Unnamed: 0,attraction_name,attraction_id,user_name,user_profile_link,review_date,helpful_votes,rating,review_link,review_text,review_title,experience_date
10720,Vernal Fall,g61000-d483481,Fairport Travelers,/Profile/Clarkvara,Jul 2008,560.0,4,/ShowUserReviews-g61000-d483481-r17854214-Vern...,Vernal Falls is sort of like the first leg of ...,Nice not too long hike,
10721,Vernal Fall,g61000-d483481,CAtravelfamily,/Profile/CAtravelfamily,Jun 2008,16.0,5,/ShowUserReviews-g61000-d483481-r17268549-Vern...,"Whew, it was a tough climb at times, but once ...",Worth the effort!,
10722,Vernal Fall,g61000-d483481,doodlebugakj,/Profile/doodlebugakj,Jul 2007,,5,/ShowUserReviews-g61000-d483481-r8255121-Verna...,This was a really fun hike but when we came ar...,Wow that was a lot of stairs!,
10723,Vernal Fall,g61000-d483481,Jase2153,/Profile/Jase2153,Sep 2005,9.0,5,/ShowUserReviews-g61000-d483481-r3910762-Verna...,I was visiting Yosemite from Australia and wen...,Worth The Trip,
10724,Vernal Fall,g61000-d483481,booradley2,/Profile/booradley2,Sep 2004,214.0,5,/ShowUserReviews-g61000-d483481-r2512847-Verna...,I've never been especially enthusiastic about ...,Do Not Miss Vernal Fall,


In [11]:
# The code snippet here ensures all the data stored in the individual attraction csv 
df_list = []
for i in range(len(attraction_name_list)):
    name = attraction_name_list[i]
    df_list.append(pd.read_csv(f"../Data/attraction_point_reviews_{name}.csv"))

new_df = pd.concat(df_list, ignore_index = True)
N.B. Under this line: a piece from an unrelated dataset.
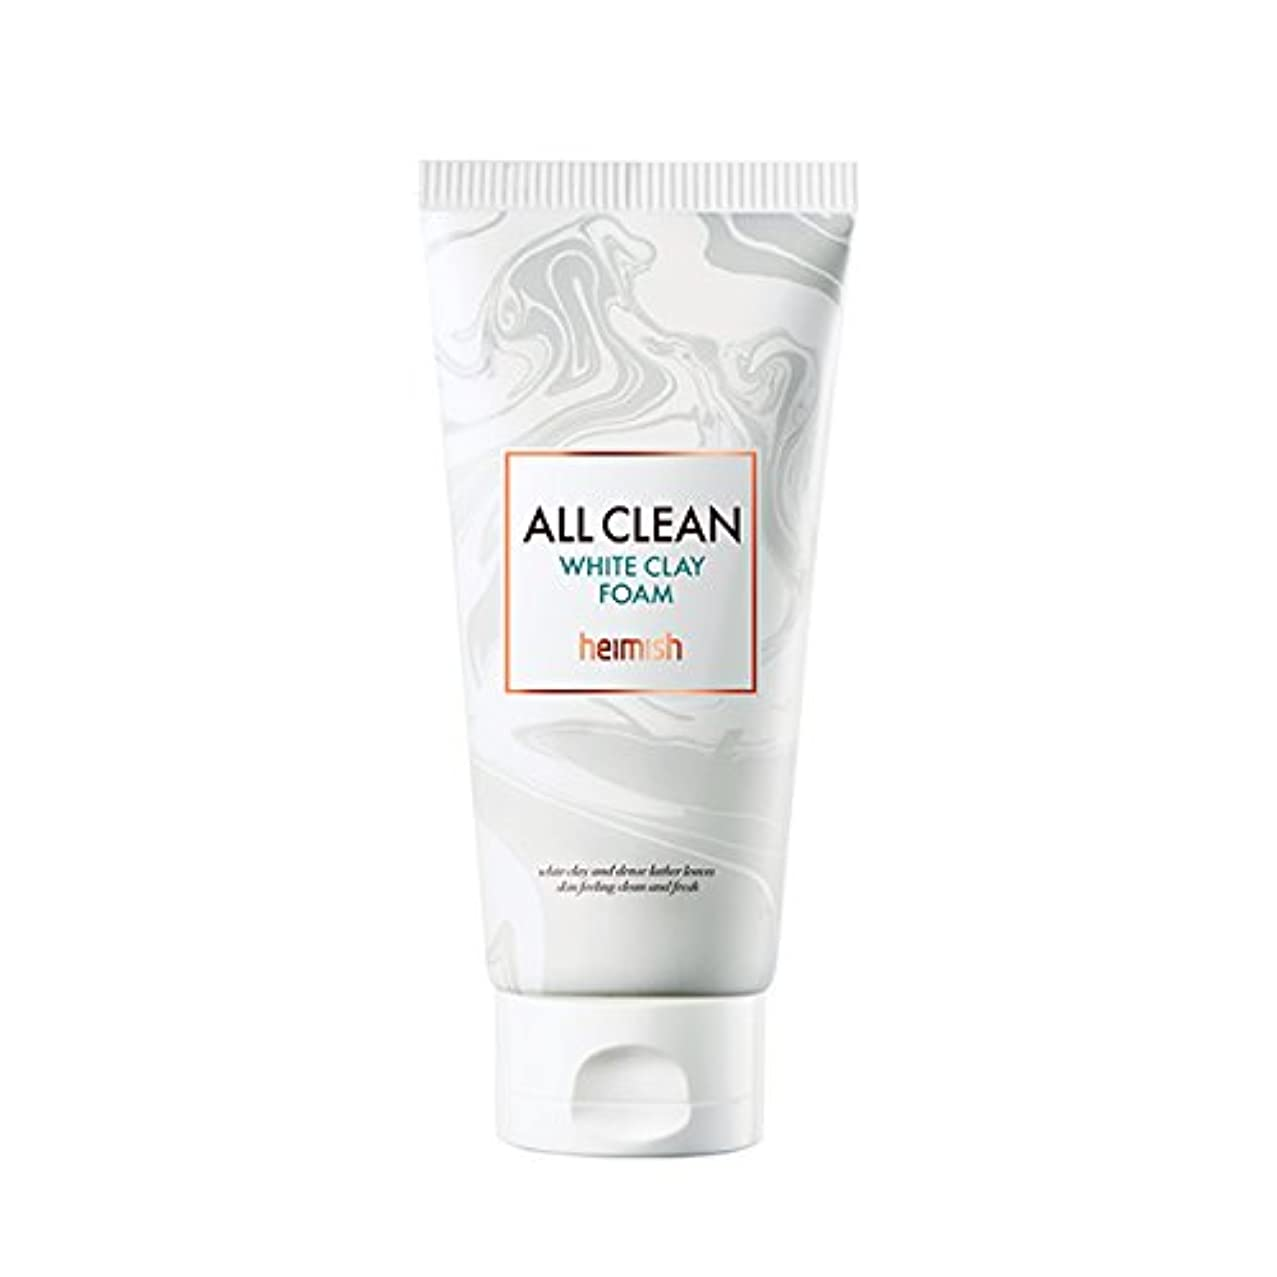 heimish All Clean White Clay Foam 150g/ヘイミッシュ オールクリーン ホワイト クレイ フォーム 150g

Now that we have the necessary data, we can move to preprocessing this text using various NLP libraries, the steps for which can be found in [2-NLP_Preprocessing](2-NLP_Preprocessing.ipynb)

**Note for Future Steps**  
An additional script can be written to scrape the list of all attractions in Yosemite National Park, which can then be used to the scrape the reviews for these corresponding attractions, making the corpus comprehensive in nature.  

This can also be taken a step further to then scrape the list of all National Parks. This can be used to refer attractions in one park by using a user's likes and dislikes from a previous park visit.